Prague-born Wilhelm Steinitz laid the foundations for a scientific approach to the game, the art of breaking a position down into components and preparing correct plans. In addition to his theoretical achievements, Steinitz founded an important tradition: his triumph over the leading German master Johannes Zukertort in 1886 is regarded as the first official World Chess Championship. This win marked a stylistic transition at the highest levels of chess from an attacking, tactical style predominant in the Romantic era to a more positional, strategic style introduced to the chess world by Steinitz. Steinitz lost his crown in 1894 to a much younger player, the German mathematician Emanuel Lasker, who maintained this title for 27 years, the longest tenure of any world champion.

After the end of the 19th century, the number of master tournaments and matches held annually quickly grew.
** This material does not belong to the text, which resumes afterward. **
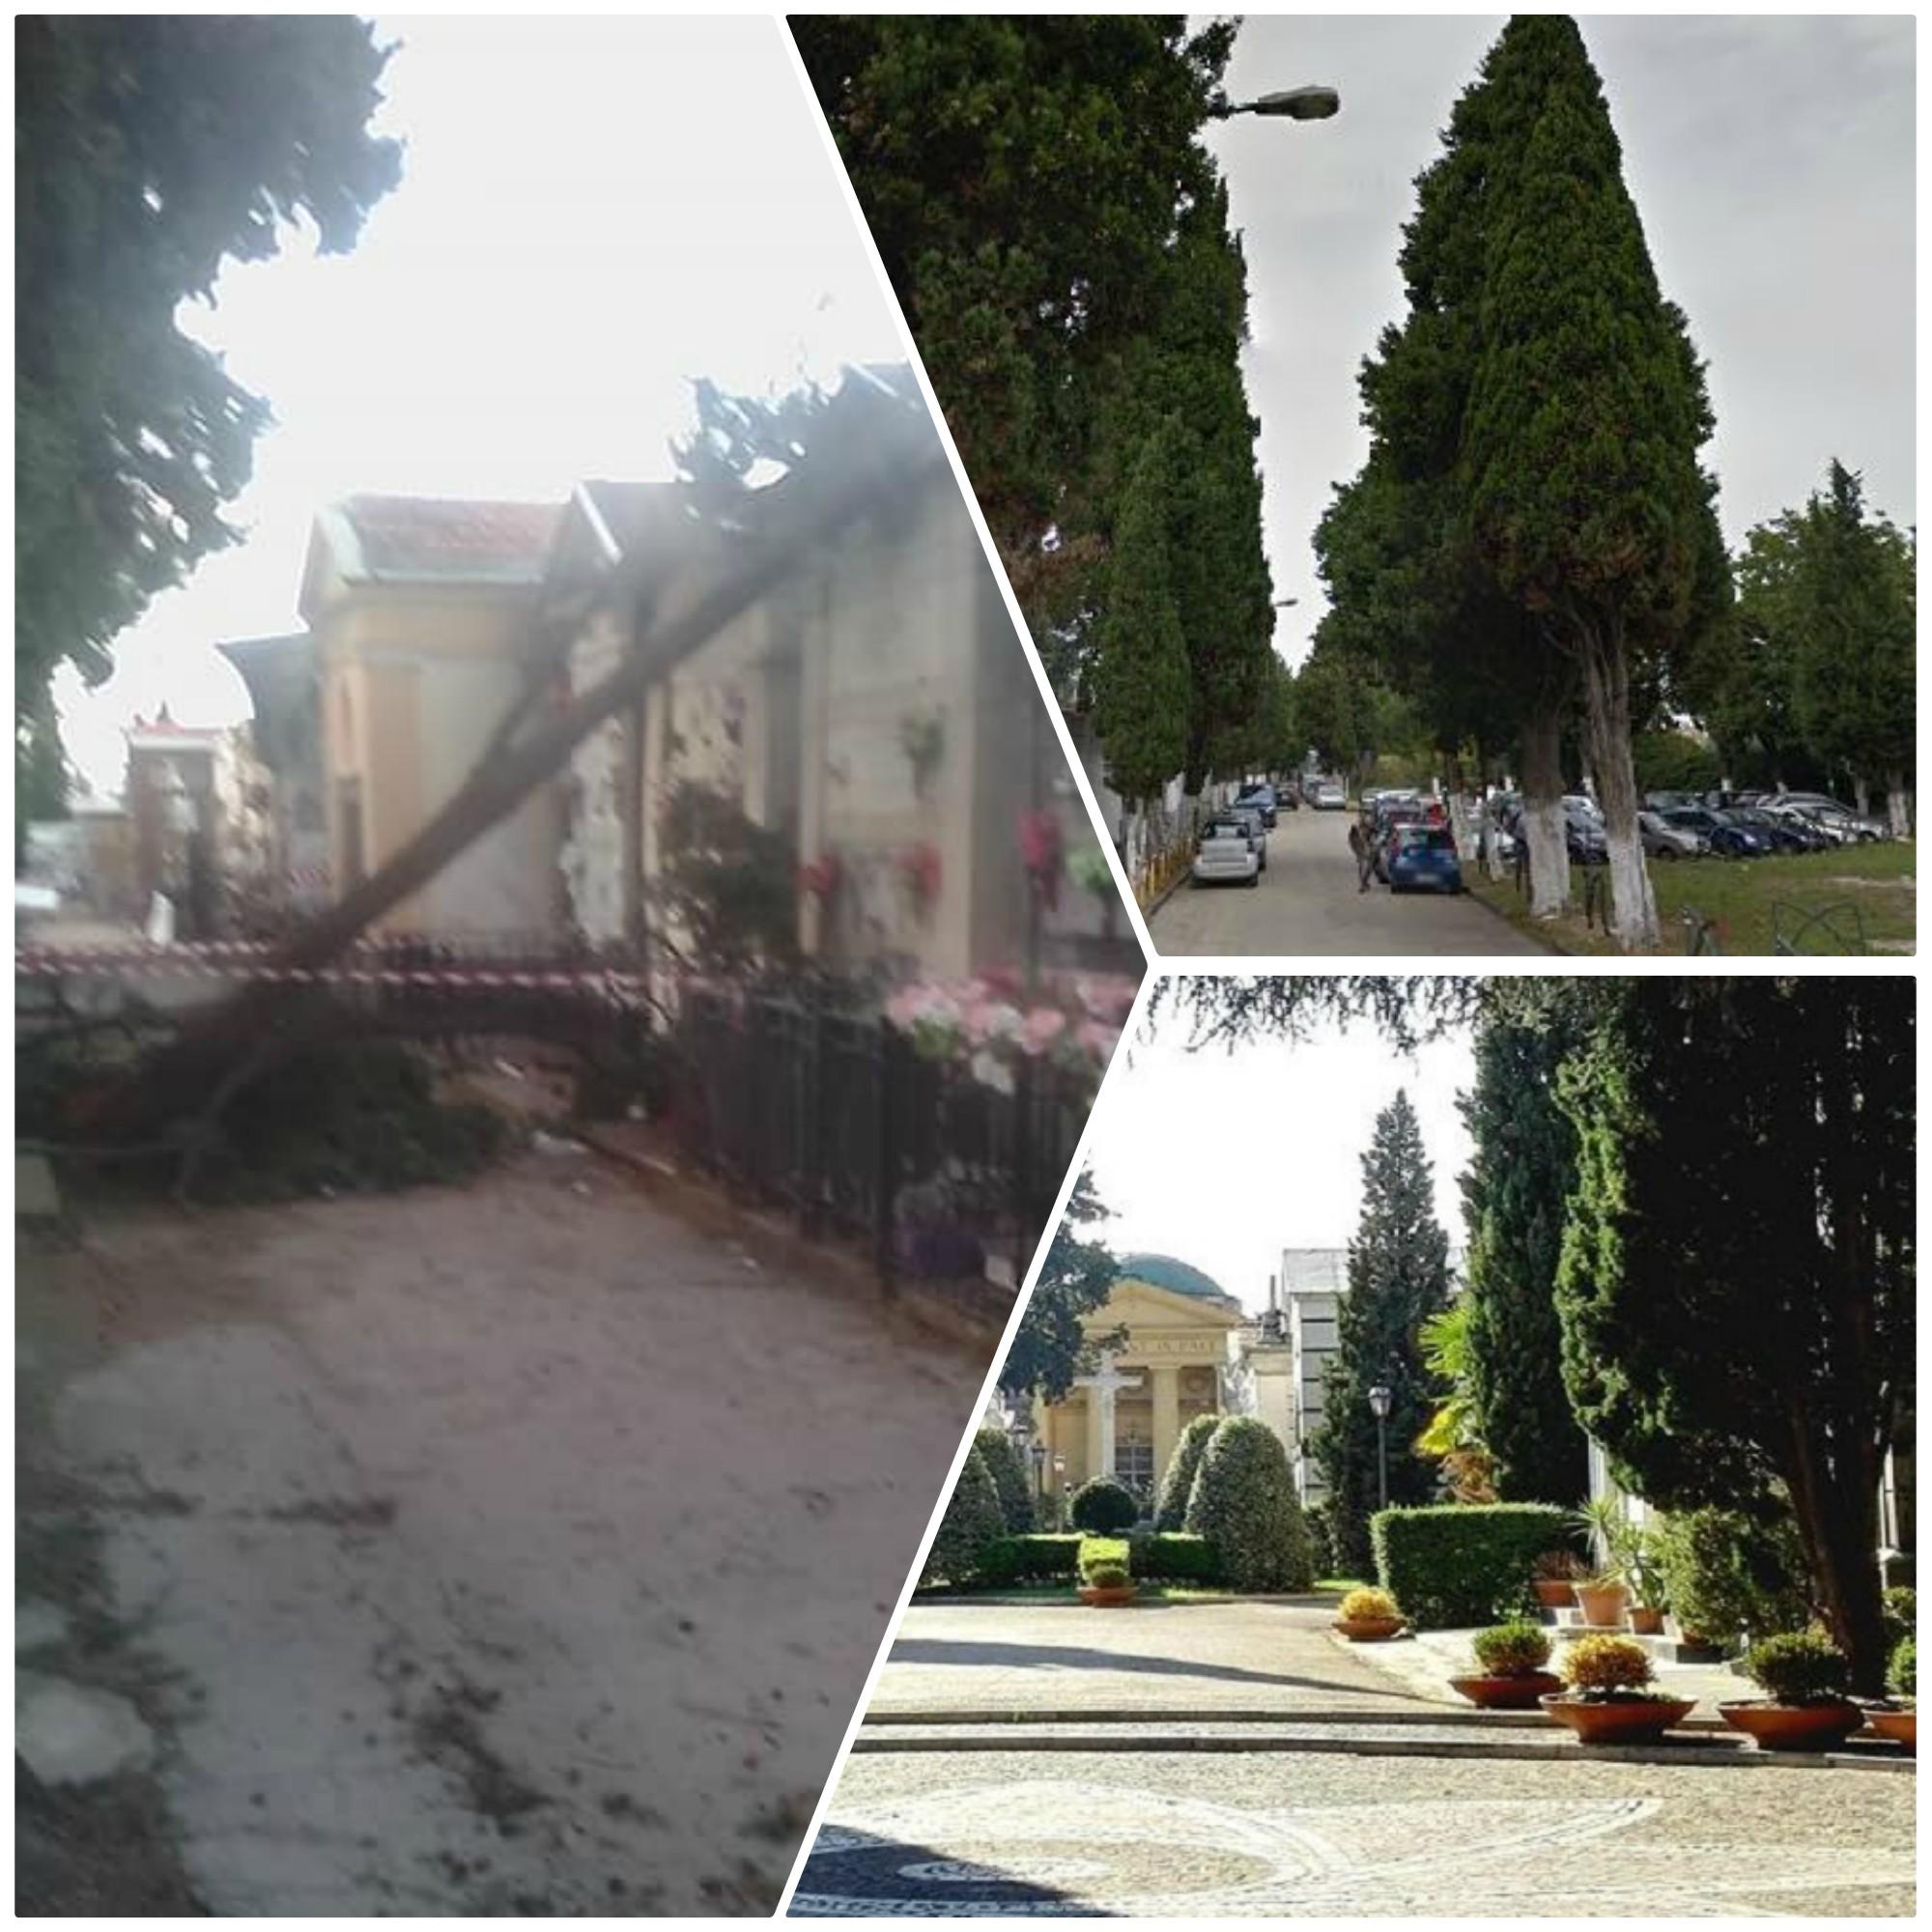 Torna il maltempo in Campania. I cipressi del cimitero di Afragola sono sicuri?

The first Olympiad was held in Paris in 1924, and FIDE was founded initially for the purpose of organizing that event. In 1927, the Women's World Chess Championship was established; the first to hold the title was Czech-English master Vera Menchik.

A prodigy from Cuba, José Raúl Capablanca, known for his skill in endgames, won the World Championship from Lasker in 1921. Capablanca was undefeated in tournament play for eight years, from 1916 to 1924. His successor (1927) was the Russian-French Alexander Alekhine, a strong attacking player who died as the world champion in 1946. Alekhine briefly lost the title to Dutch player Max Euwe in 1935 and regained it two years later.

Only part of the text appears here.